From: Bharata B Rao <bharata@amd.com>
To: <linux-kernel@vger.kernel.org>, <linux-mm@kvack.org>
Cc: <Jonathan.Cameron@huawei.com>, <dave.hansen@intel.com>,
	<gourry@gourry.net>, <mgorman@techsingularity.net>,
	<mingo@redhat.com>, <peterz@infradead.org>,
	<raghavendra.kt@amd.com>, <riel@surriel.com>,
	<rientjes@google.com>, <sj@kernel.org>, <weixugc@google.com>,
	<willy@infradead.org>, <ying.huang@linux.alibaba.com>,
	<ziy@nvidia.com>, <dave@stgolabs.net>, <nifan.cxl@gmail.com>,
	<xuezhengchu@huawei.com>, <yiannis@zptcorp.com>,
	<akpm@linux-foundation.org>, <david@redhat.com>,
	<byungchul@sk.com>, <kinseyho@google.com>,
	<joshua.hahnjy@gmail.com>, <yuanchu@google.com>,
	<balbirs@nvidia.com>, <alok.rathore@samsung.com>,
	<shivankg@amd.com>
Subject: Re: [RFC PATCH v6 5/5] mm: sched: move NUMA balancing tiering promotion to pghot
Date: Mon, 30 Mar 2026 10:16:19 +0530	[thread overview]
Message-ID: <12112823-f4b7-4854-a32c-c40985c65521@amd.com> (raw)
In-Reply-To: <20260323095104.238982-6-bharata@amd.com>

Replies to review from Shashiko
[https://sashiko.dev/#/patchset/20260323095104.238982-1-bharata%40amd.com]

>> diff --git a/mm/huge_memory.c b/mm/huge_memory.c
>> index b298cba853ab..fe957ff91df9 100644
>> --- a/mm/huge_memory.c
>> +++ b/mm/huge_memory.c
>[ ... ]
>> @@ -2217,11 +2218,26 @@ vm_fault_t do_huge_pmd_numa_page(struct vm_fault *vmf)
>>  		goto out_map;
>>
>>  	nid = folio_nid(folio);
>> +	needs_promotion = folio_is_promo_candidate(folio);
>>
>>  	target_nid = numa_migrate_check(folio, vmf, haddr, &flags, writable,
>>  					&last_cpupid);
>>  	if (target_nid == NUMA_NO_NODE)
>>  		goto out_map;

> Does this code inadvertently record pages forbidden from migrating in pghot?
> If numa_migrate_check() returns NUMA_NO_NODE due to memory policy, the code
> jumps to out_map.

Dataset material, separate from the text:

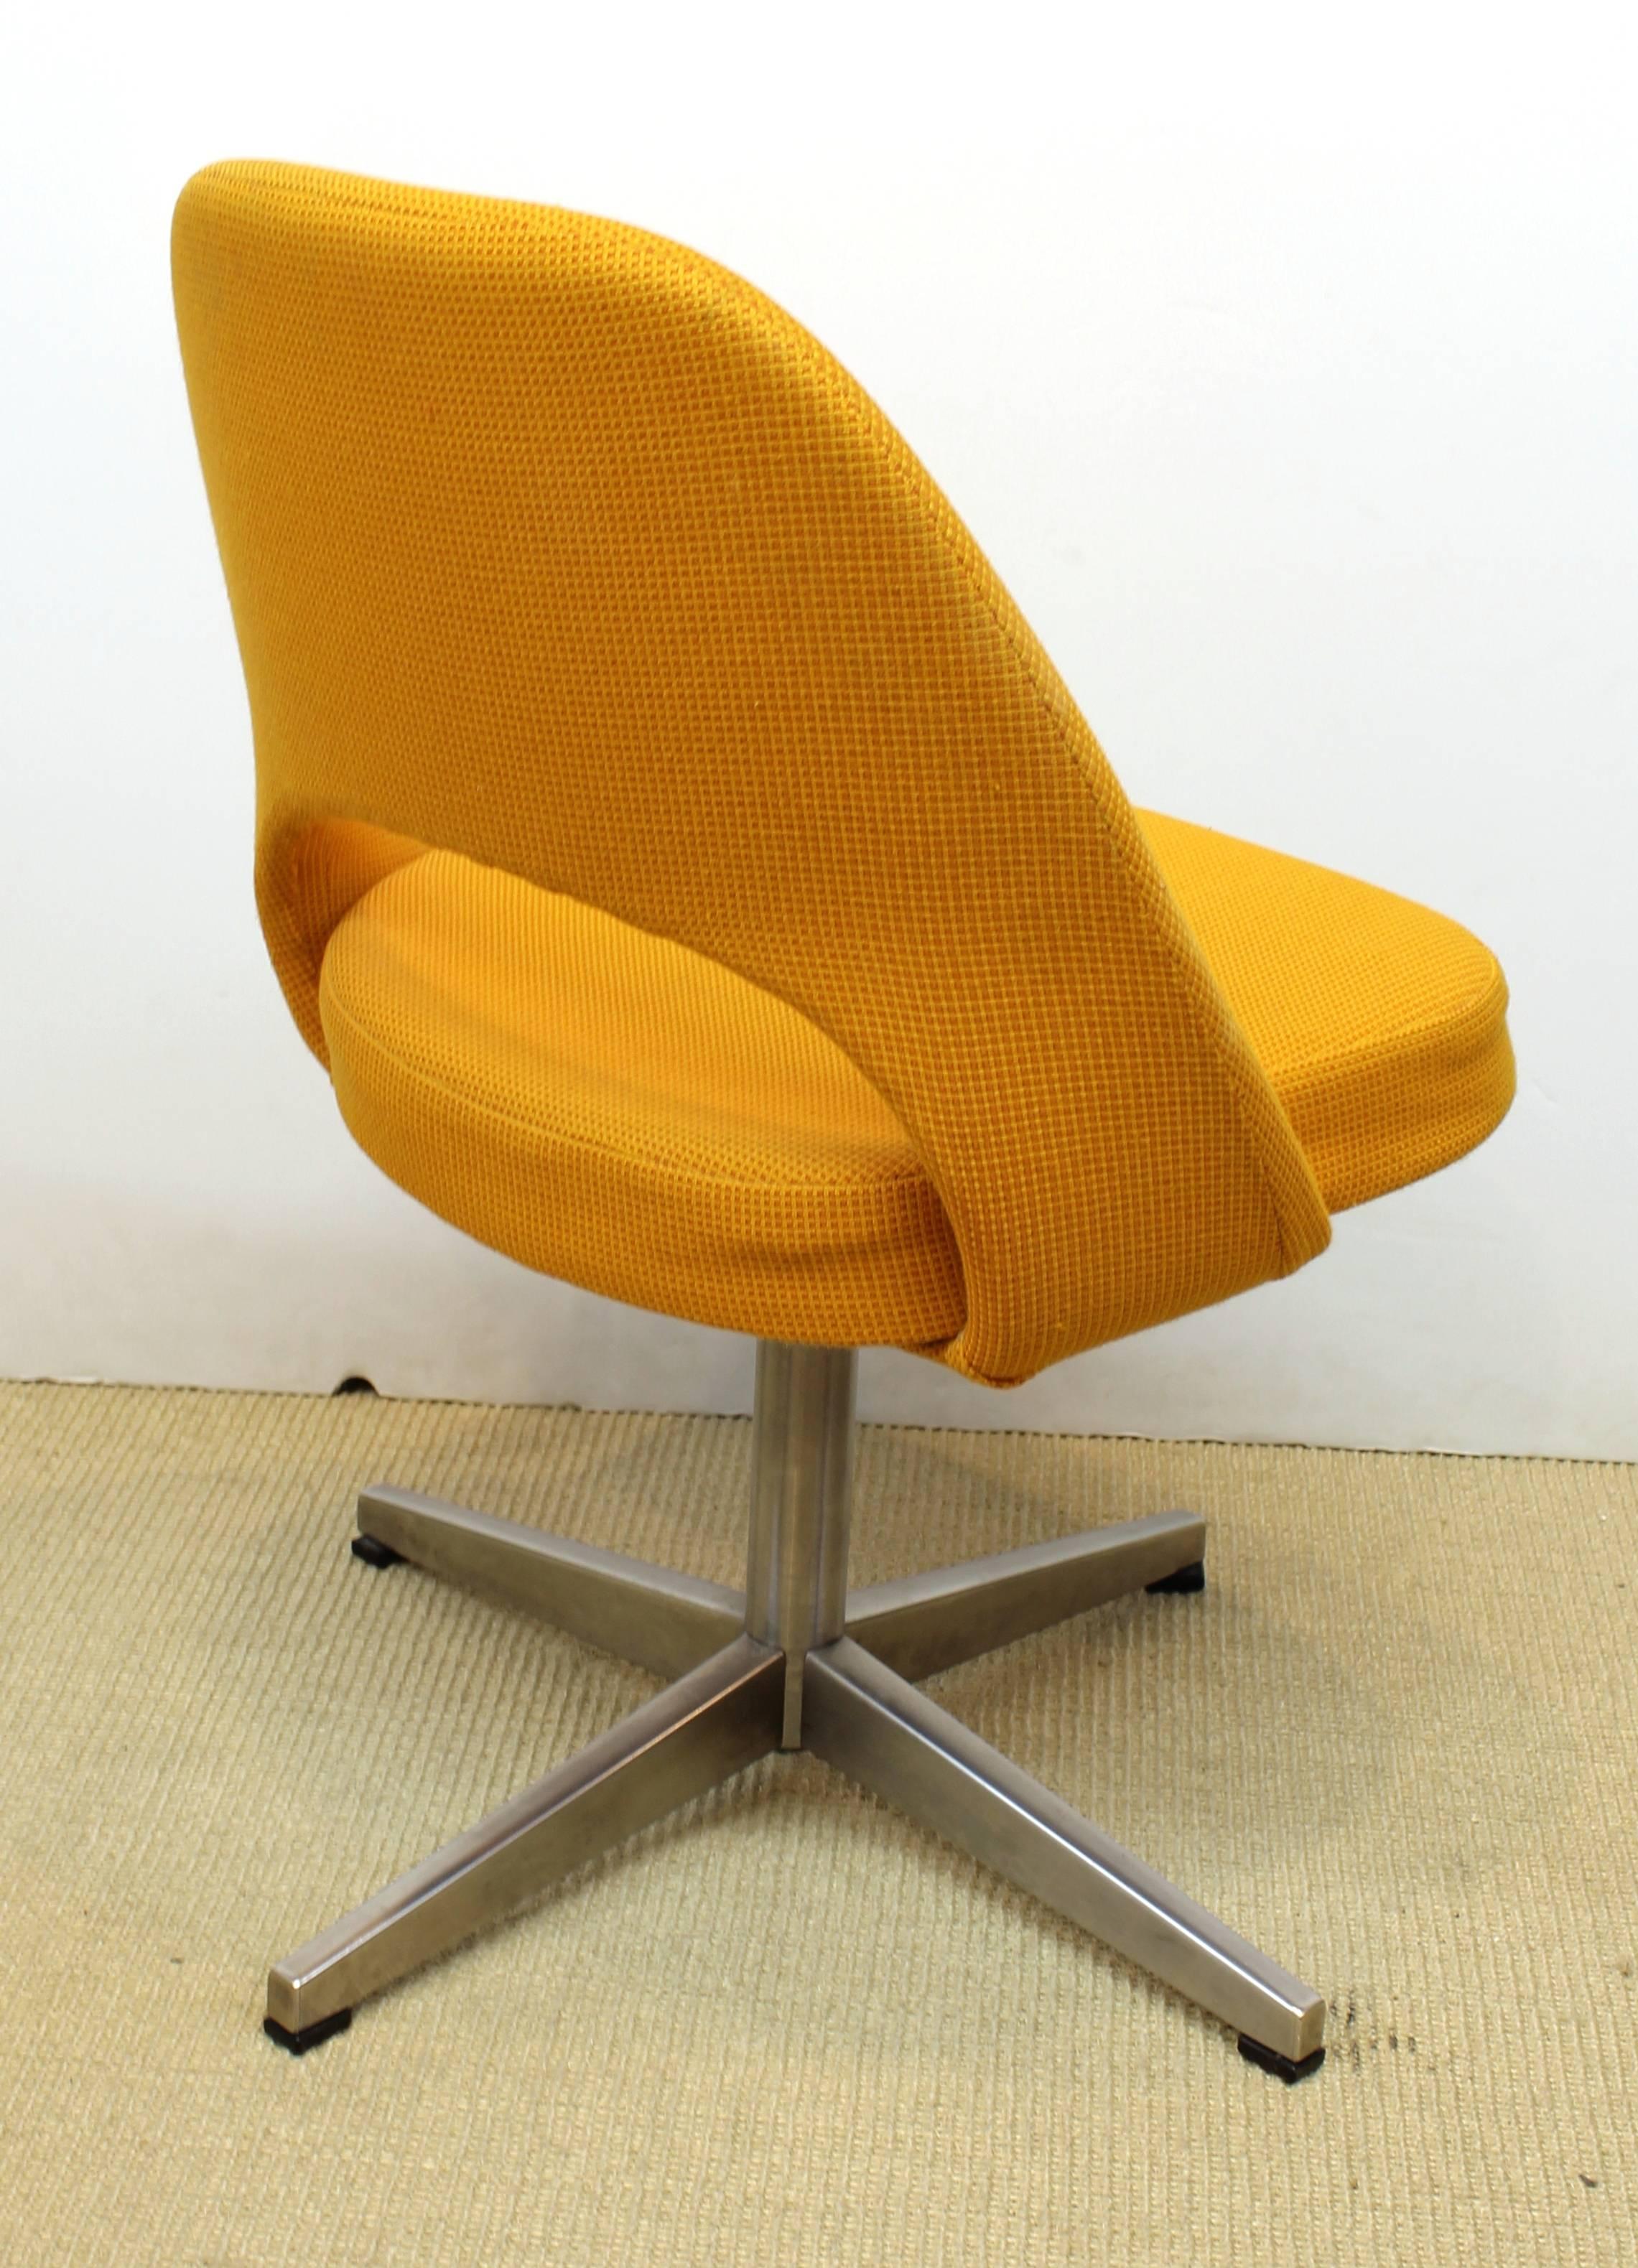 Mid-Century Modern Eero Saarinen for Knoll International Swivel Chair with Golden Yellow Upholstery

At that point, nid retains its initialized value of
> folio_nid(folio). Since nid != NUMA_NO_NODE evaluates to true, it looks like
> pghot_record_access() will still be called at the end of the function, which
> could pollute the tracking map and trigger useless daemon sweeps.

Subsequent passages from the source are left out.